I’ve lost far, far too many friends who’ve succumbed while waiting for a transplant when it doesn’t have to be like that. Arguments about Opt-Out systems and changes in the NHS aside, if everyone in the UK who support the idea of organ donation signed up to the Organ Donor Register, we wouldn’t face 3 needless deaths every single day.

For my donor

I was saved by someone I’ve never met nor will ever have the chance to thank. I’ve been given a second chance to live a life of happiness, fulfilment and joy when one family have had their happiness untimely stolen from them.

If I were to sit and do nothing to show how enormous this unknown benefactor has afforded me, I truly believe I wouldn’t be able to stand proud and say I’d made good use of the time they granted me.

I would love for you to buy, read, enjoy and share my book. But if you don’t want to do that, let’s at least be talking to our loved ones about our own opinions, views and wishes relating to organ donation.

We can all be the hero of someone else’s life; don’t let that chance got to waste.

Don’t Live Life On Pause

Mini DV Deck

It’s fair to say I’ve been looking forward to this week for quite a while now.

As I explained on Friday, reaching the 5 year post-transplant mark is a significant step for anyone.

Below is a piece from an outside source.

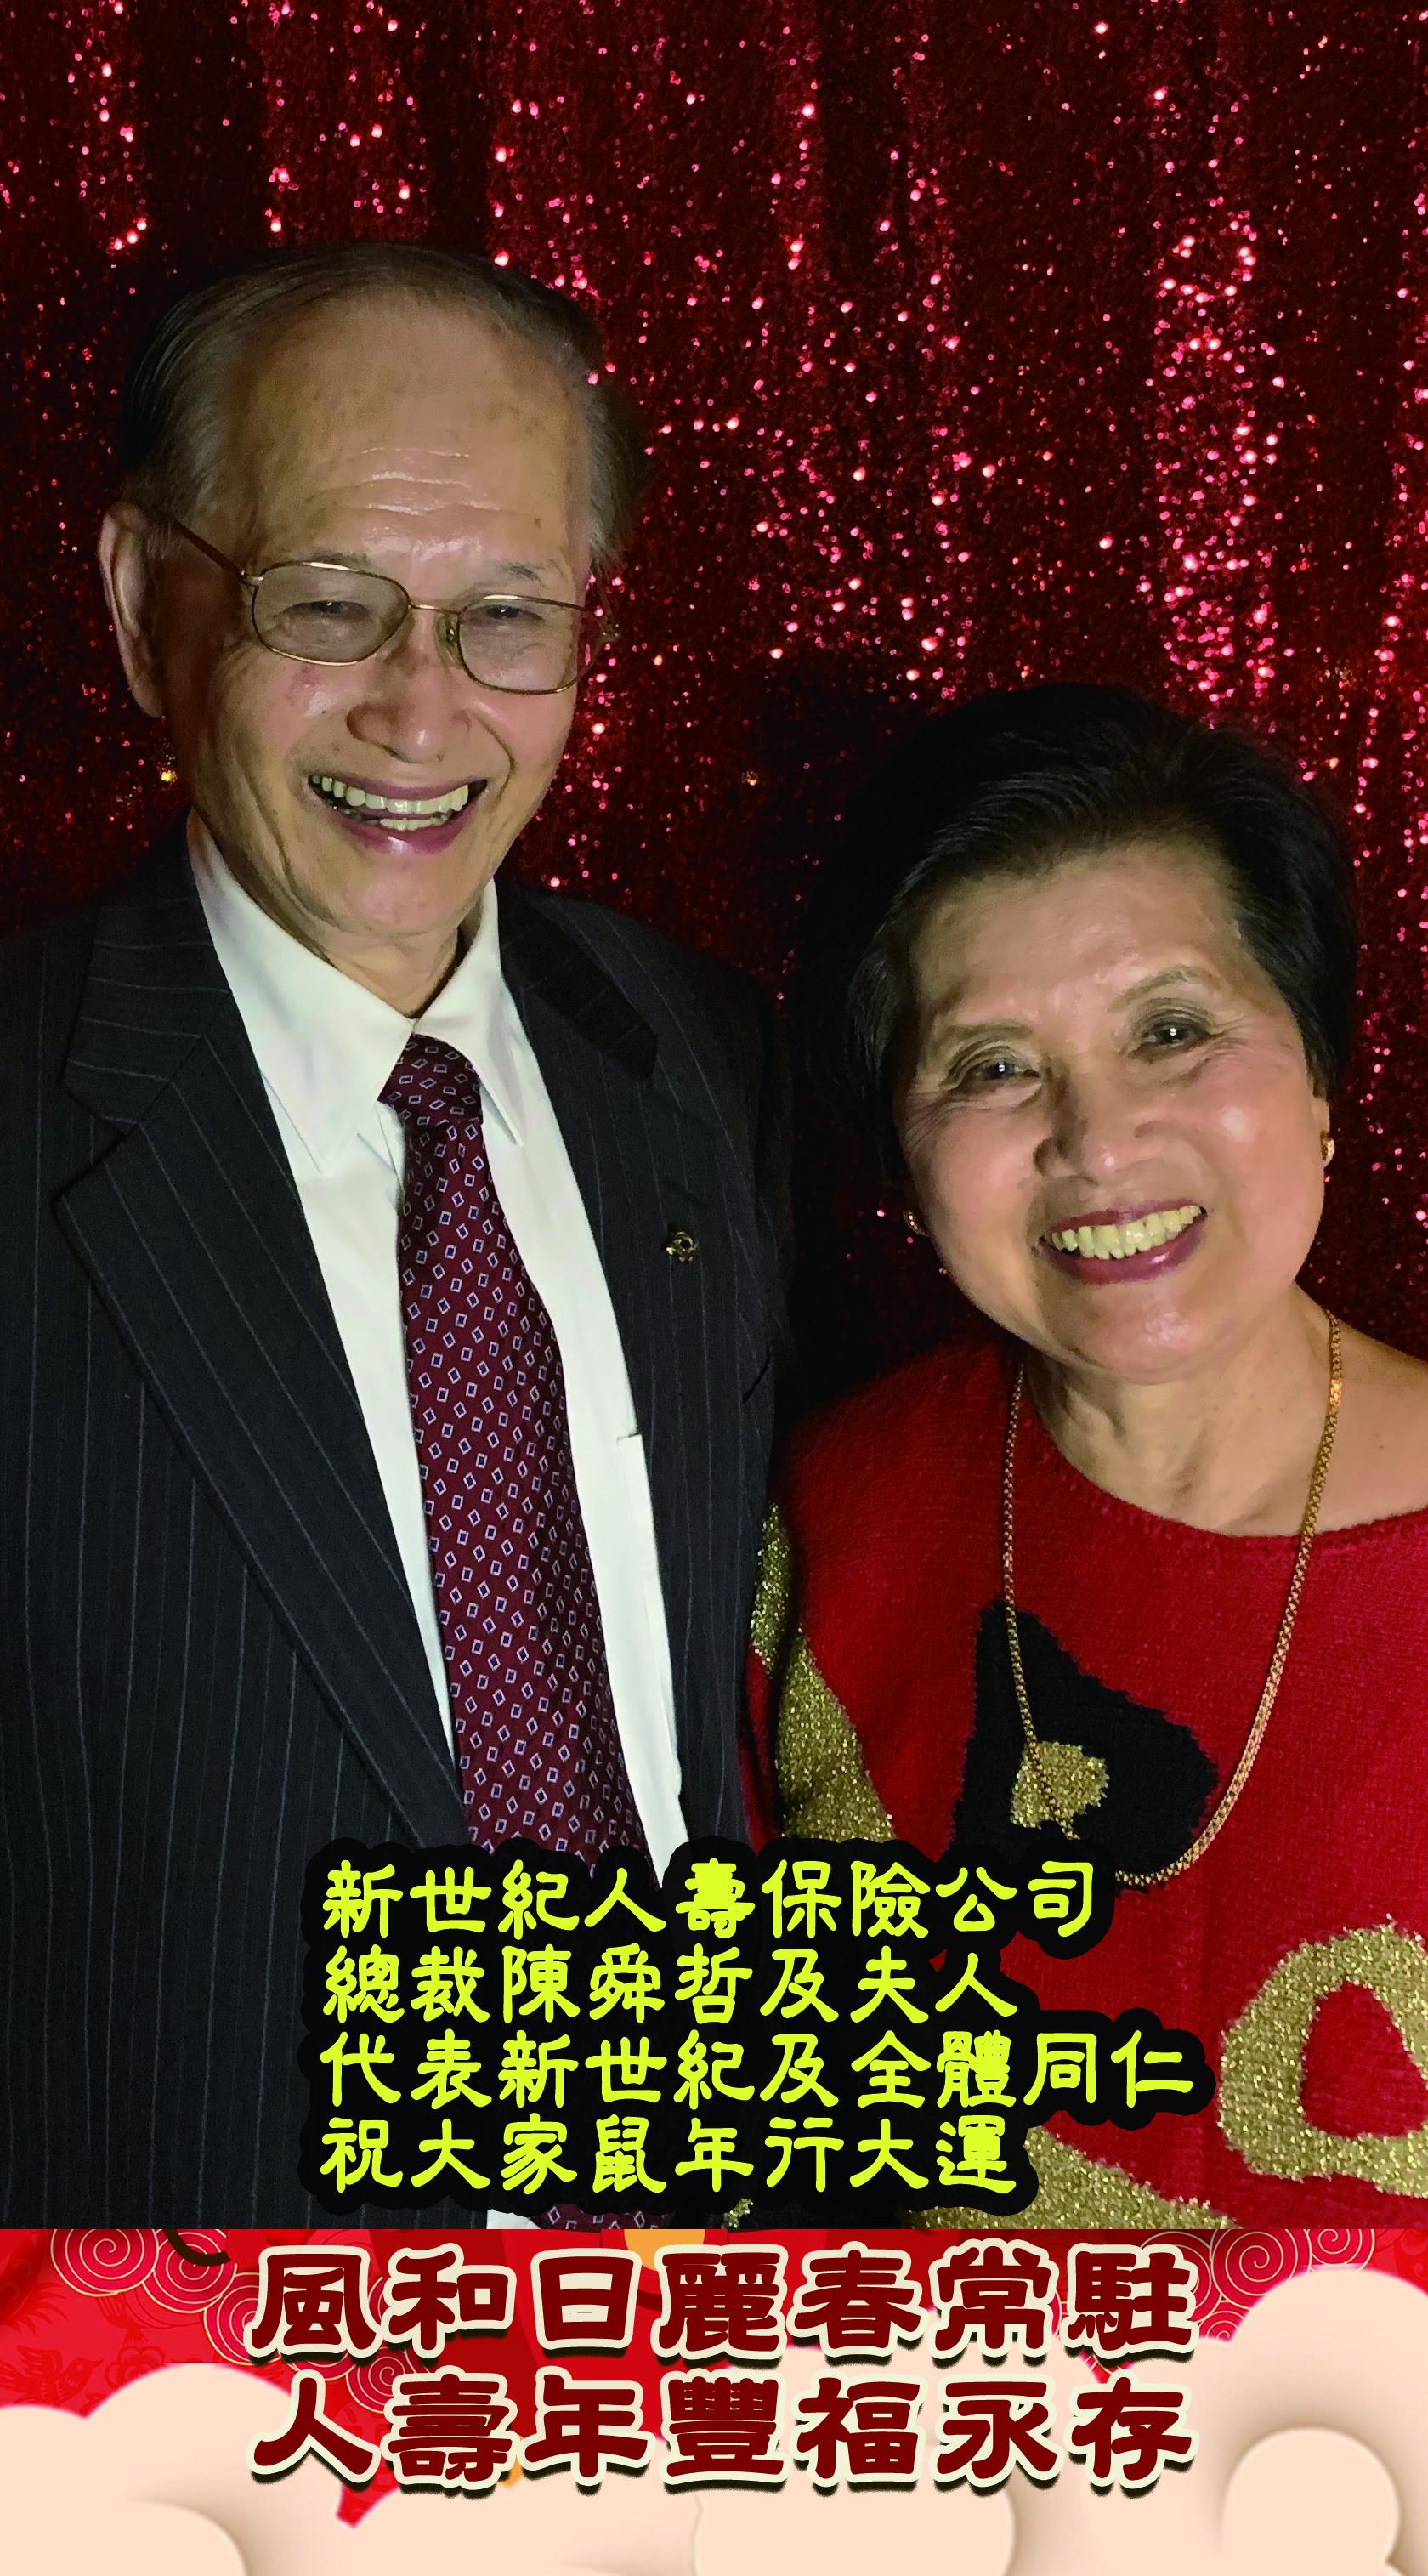 新世紀人壽保險公司總裁陳舜哲向大家拜年。

It gives a remarkable psychological boost that – for me at least – makes me feel like I may be approaching normal. Ordinary. A regular person.

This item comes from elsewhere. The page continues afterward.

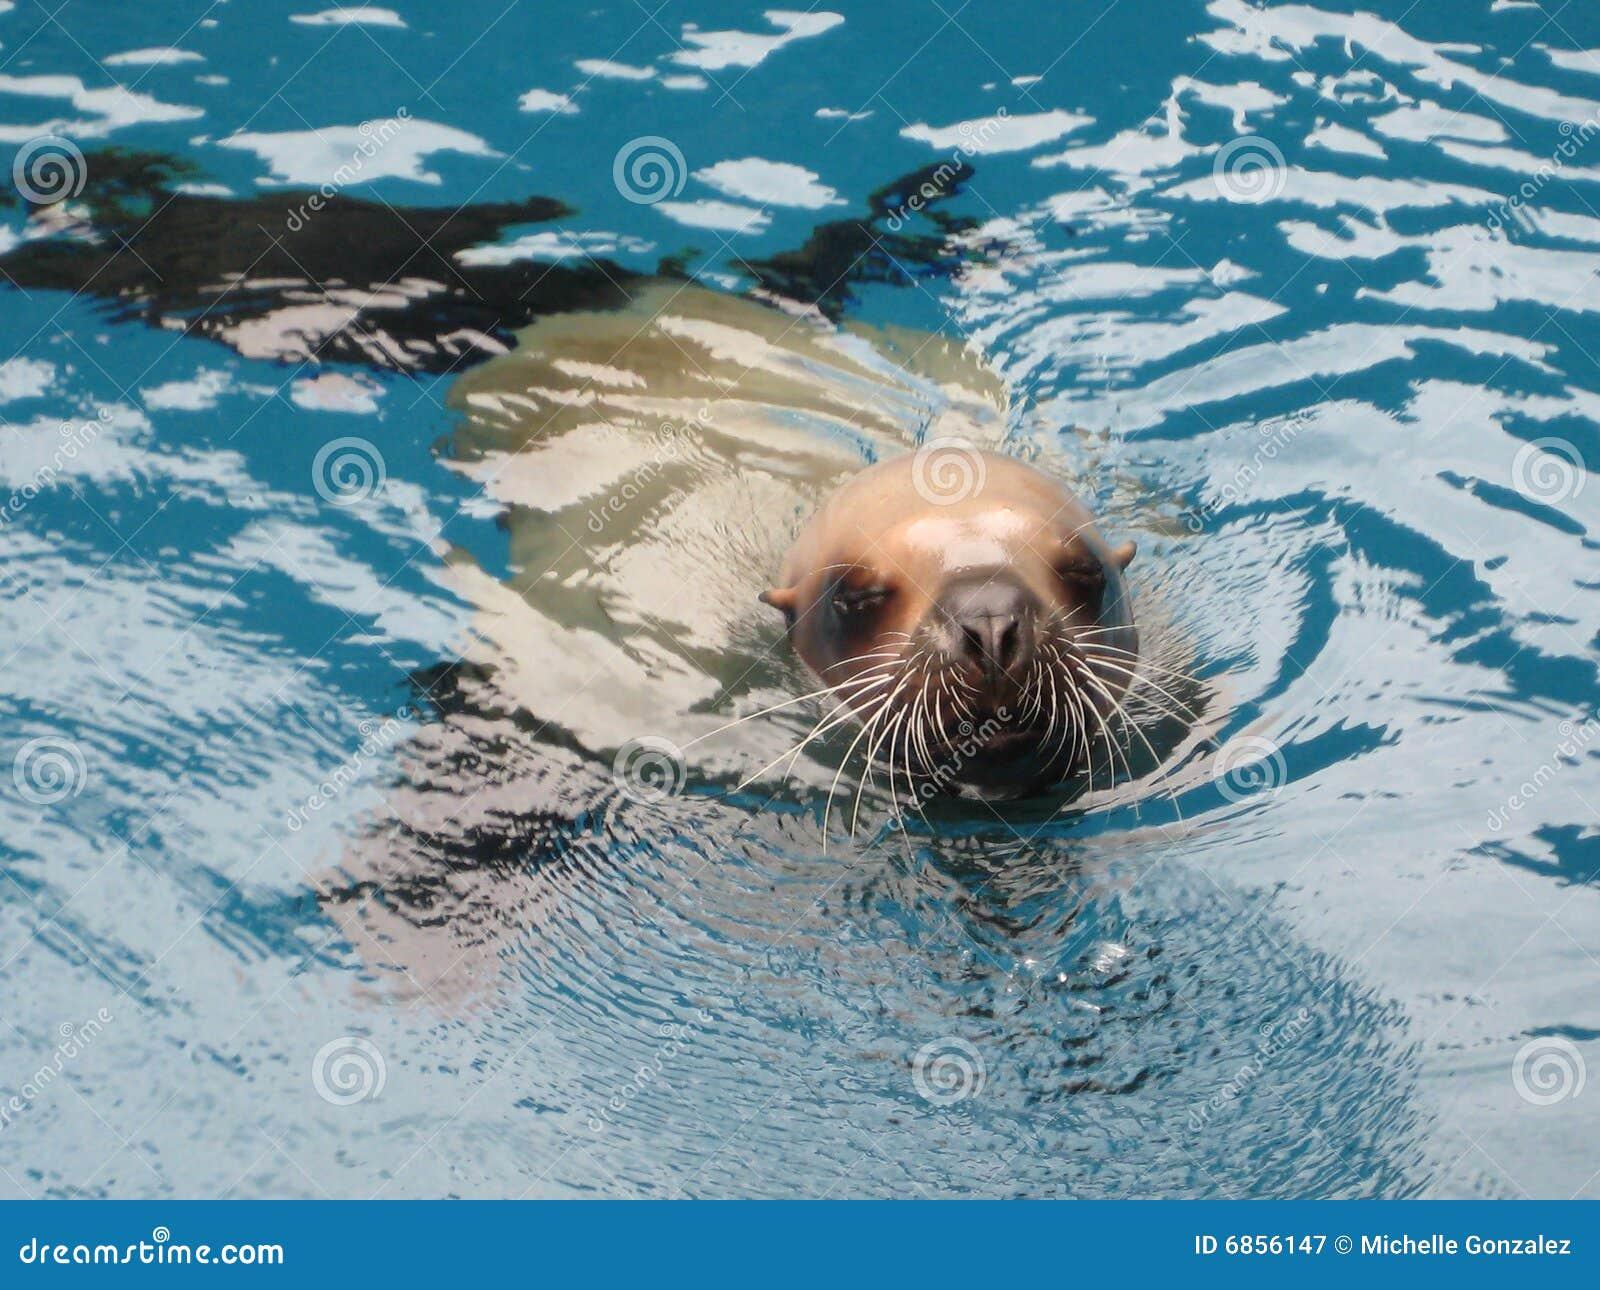 Seaworld морсого льва

But, the truth is, I want to be more than normal. I relish abnormality – I want to be as different, as unique and as extraordinary as I have been up to this point. I don’t want to let 5 years pass and think it’s OK to let it rest.

I want to tell the world the impact that my donor has had on my life.

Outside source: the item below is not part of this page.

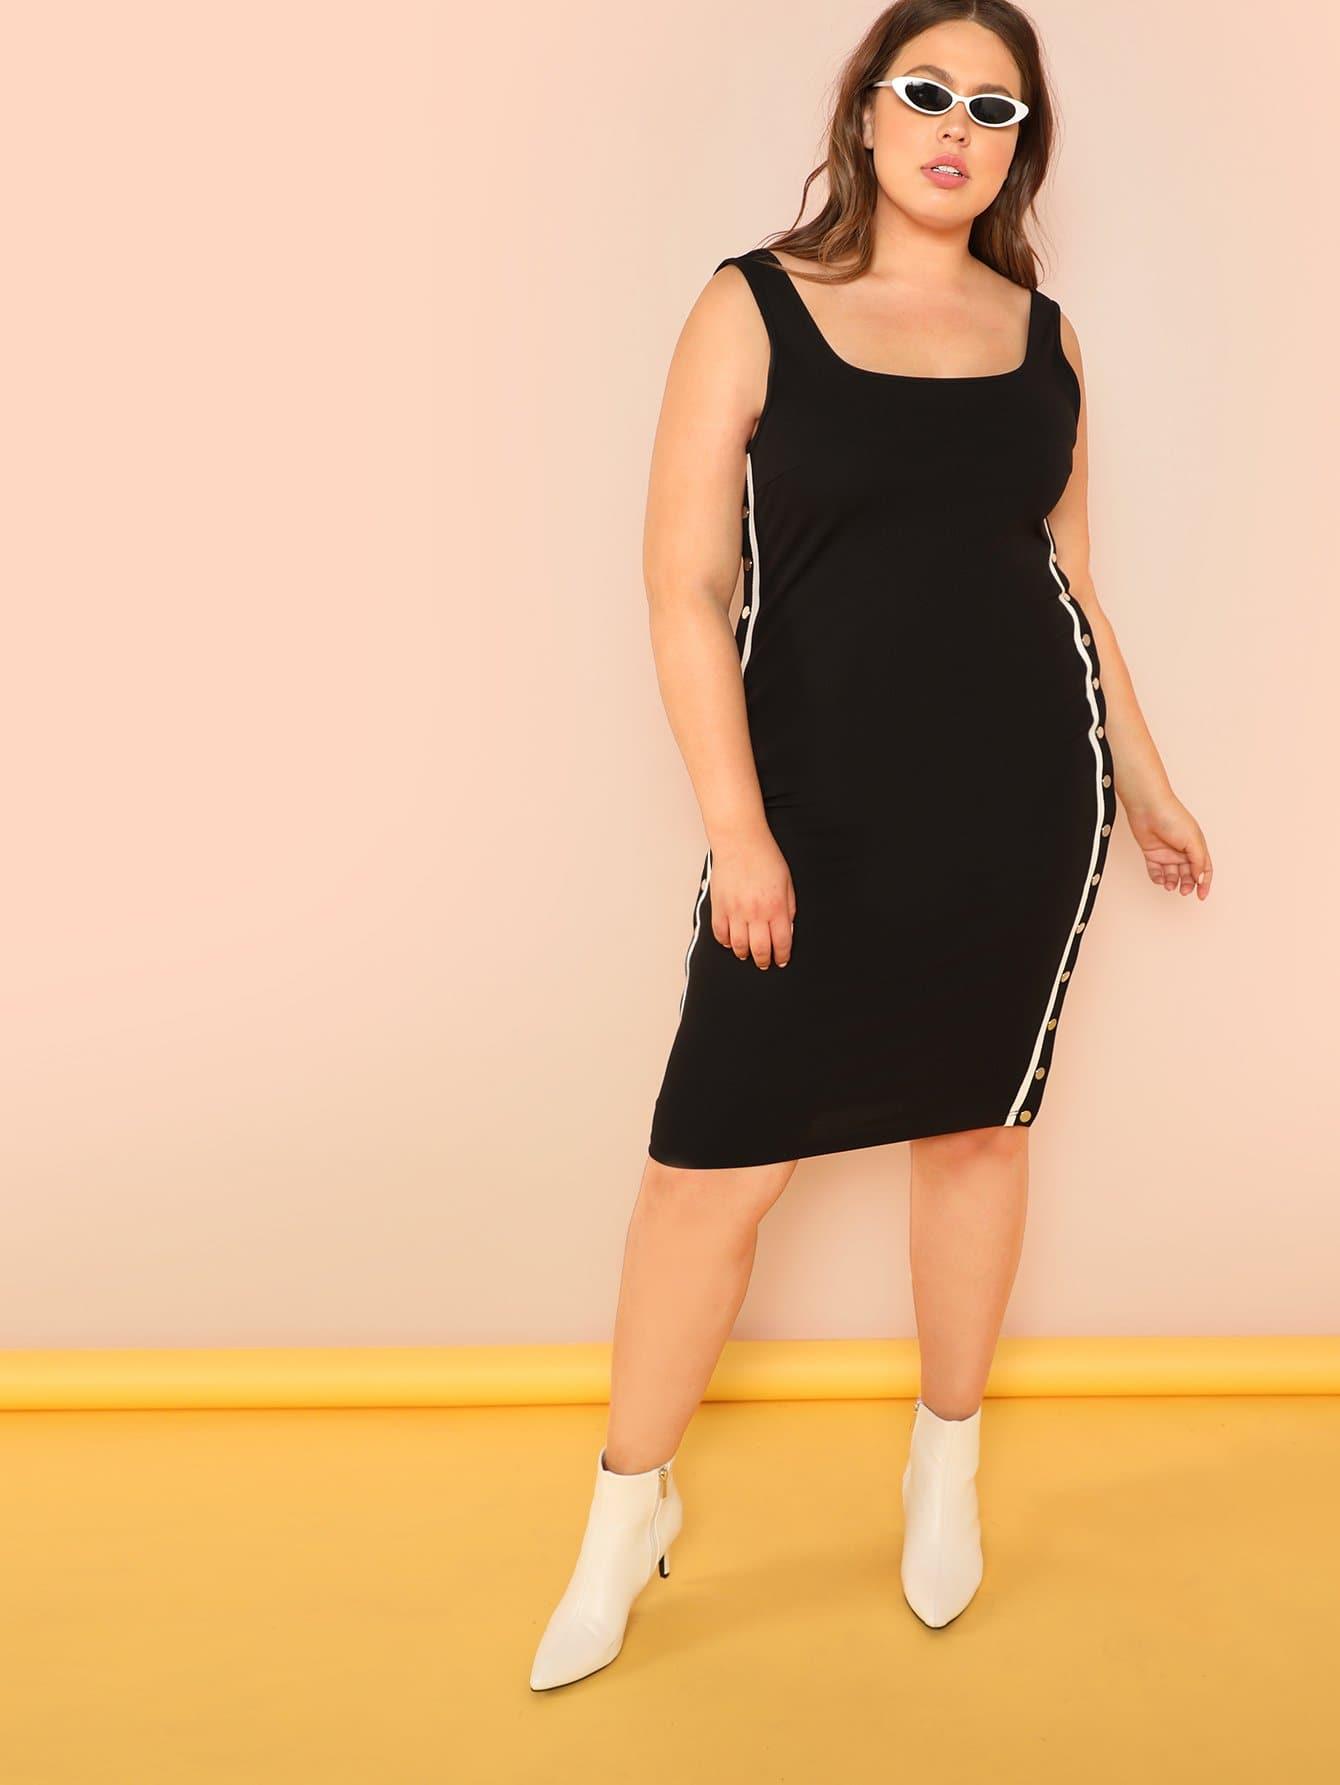 bd6586a39 فستان السهر الخط الزر الأسود فساتين كبيرة الحجم | شي إن

I want to show the world the power of transplantation.

I want to help people understand how important being registered to be an organ donor is and the lives you could save and transform.

I want to be remarkable in the truest meaning of the word.

I want all of these things, but more than anything, I want you to know that extraordinary lives can be lived by all of us every single day. With a deep breath, a smile and a kind word to those around us, we can all have an impact. By signing the Organ Donor Register, we can all leave a legacy. By making sure our loved ones know our wishes, we can all be a part of something bigger.

Tomorrow, on my 5th second birthday, I will be releasing Smile Through It: A Year on the Transplant List on Kindle, closely followed by ePub and physical versions, too. It’s designed to give people an insight into just how hard it is to do nothing but sit and wait.

I want you all to remember that there are too many people in the world with their lives on pause while they wait.

Don’t leave your life on pause; find the play button and let’s make sh*t happen.

Photo: Brian Gurrola on Flickr.

A weekend of reflection

This weekend, I celebrate four years of new life and give thanks to the person that has given me this chance.

Thanks to my transplant occurring after midnight, it means I can enjoy two totally separate days:

The first day is dedicated solely to my donor, to give thanks, pray for their family and think of what they have done for me and everyone in my life by being so selfless at the worst of times.

The next day can then be exclusively a day of celebration, a day when I can allow myself to rejoice in the gift I’ve been given and the things it’s allowed me to do.